CHINA: Bond Futures Stay Calm as Markets Return from Leave. 

Feb-05 02:04
  • China’s bond futures showed little regard for the uncertainty abounding from the impending trade war.
  • Whilst equities are down, (Hang  Seng -1.15%, CSI 300 -0.30%) bonds futures are marginally lower at the open.
  • China’s 10YR Bond Mar 25 future is lower by -0.05 at 109.35
  • China’s 2YR Bond Mar25 future is lower by -.044 at 102.80
  • Prior to the Lunar New Year Break the 10YR future had bounced on the 20-day EMA and moved higher and remains above that technical level of 109.077.
  • China’s 2YR Bond future is trending below the 20-day EMA of 102.83 and is at the midpoint of it and the 50-day EMA of 102.78.
  • Economic data this week has been softer with PMI Manufacturing and PMI Services weaker, but likely impacted by the earlier than expected Lunar Holidays.
  • Over the coming weekend, China will release its January PPI data which is expected to show the deflationary pressures for producers remains a key issue. 
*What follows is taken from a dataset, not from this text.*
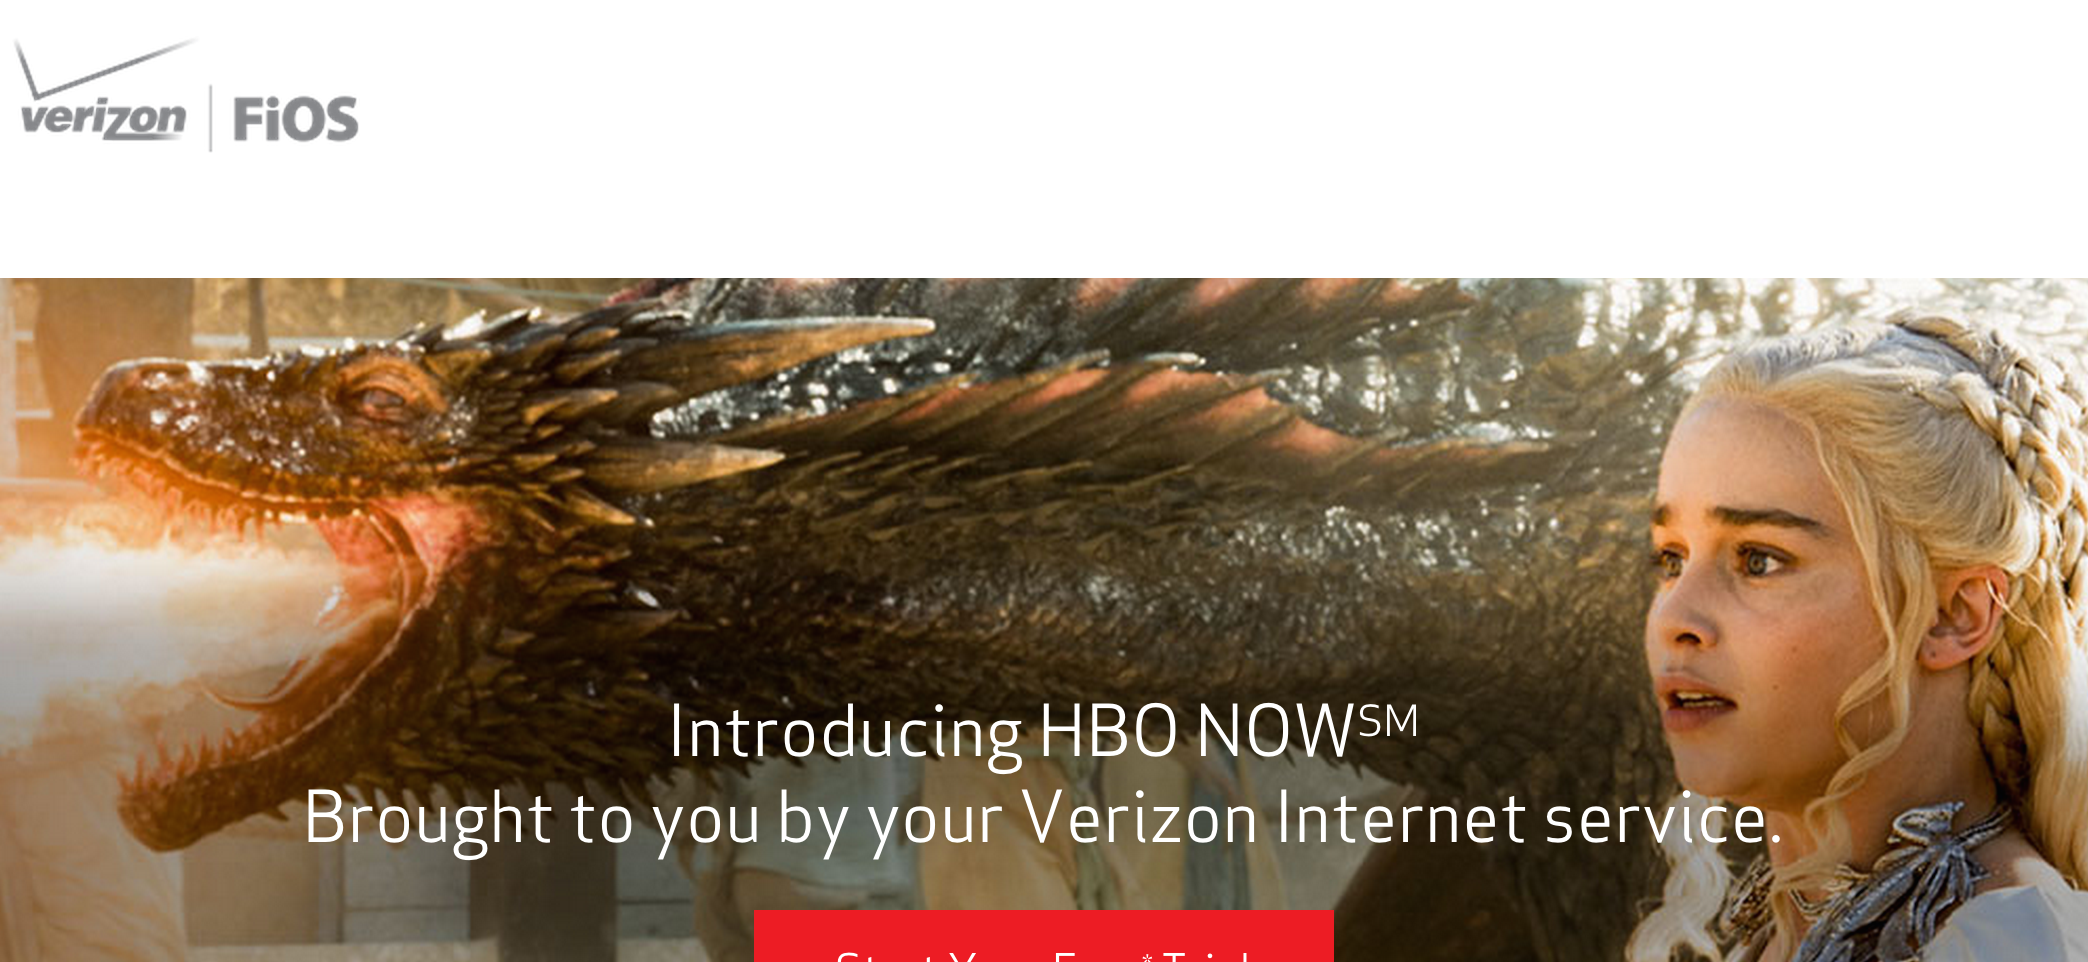 Verizon Makes HBO Now Available To FiOS Customers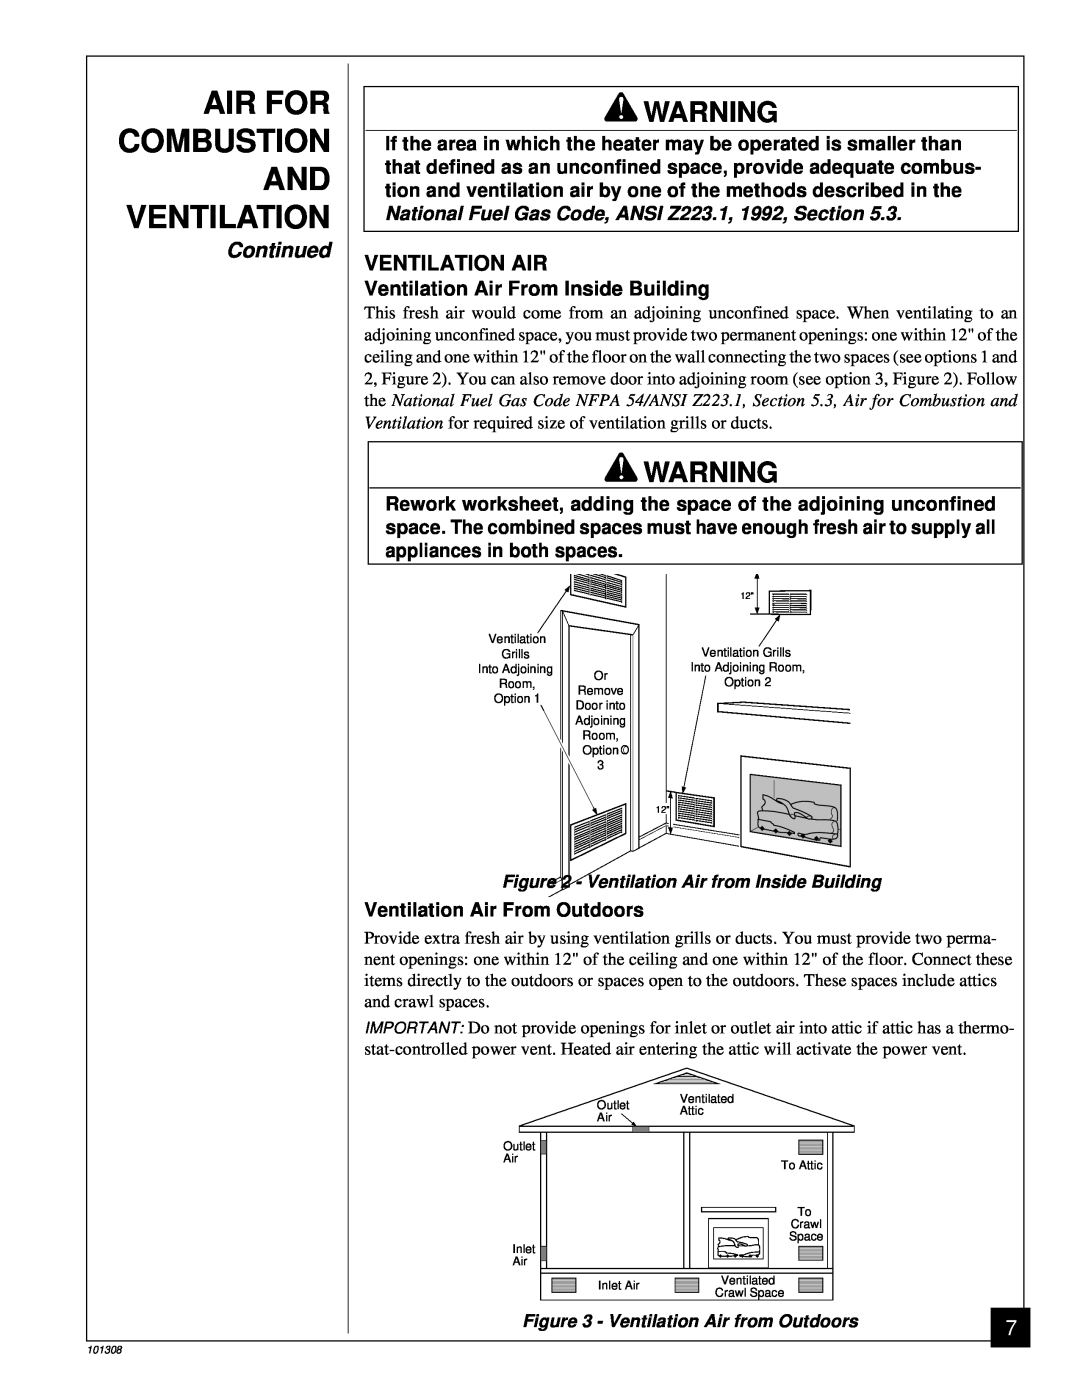 Desa NATURAL GAS LOG HEATER installation manual Combustion, Air For, Continued, Ventilation Air

CHINA: Caixin PMI Services Decline for January. 

Feb-05 01:57
  • China’s PMI Services for January declined to 51.0, from 52.2; likely impacted by the earlier than usual Lunar New Year Holiday.
  • This follows Monday’s release of the China PMI Manufacturing at 50.1.
  • The overall PMI composite saw a decline to 51.1 for January from 51.4 prior.
  • The PMI services result was the lowest reading since September and saw the employment component decline to 48.8 to mark the lowest contribution since April.
  • Additionally, the prices charged component saw a decline versus the prior month.
  • It is likely that this data release will be of little cause for concern due to the impact of the holidays.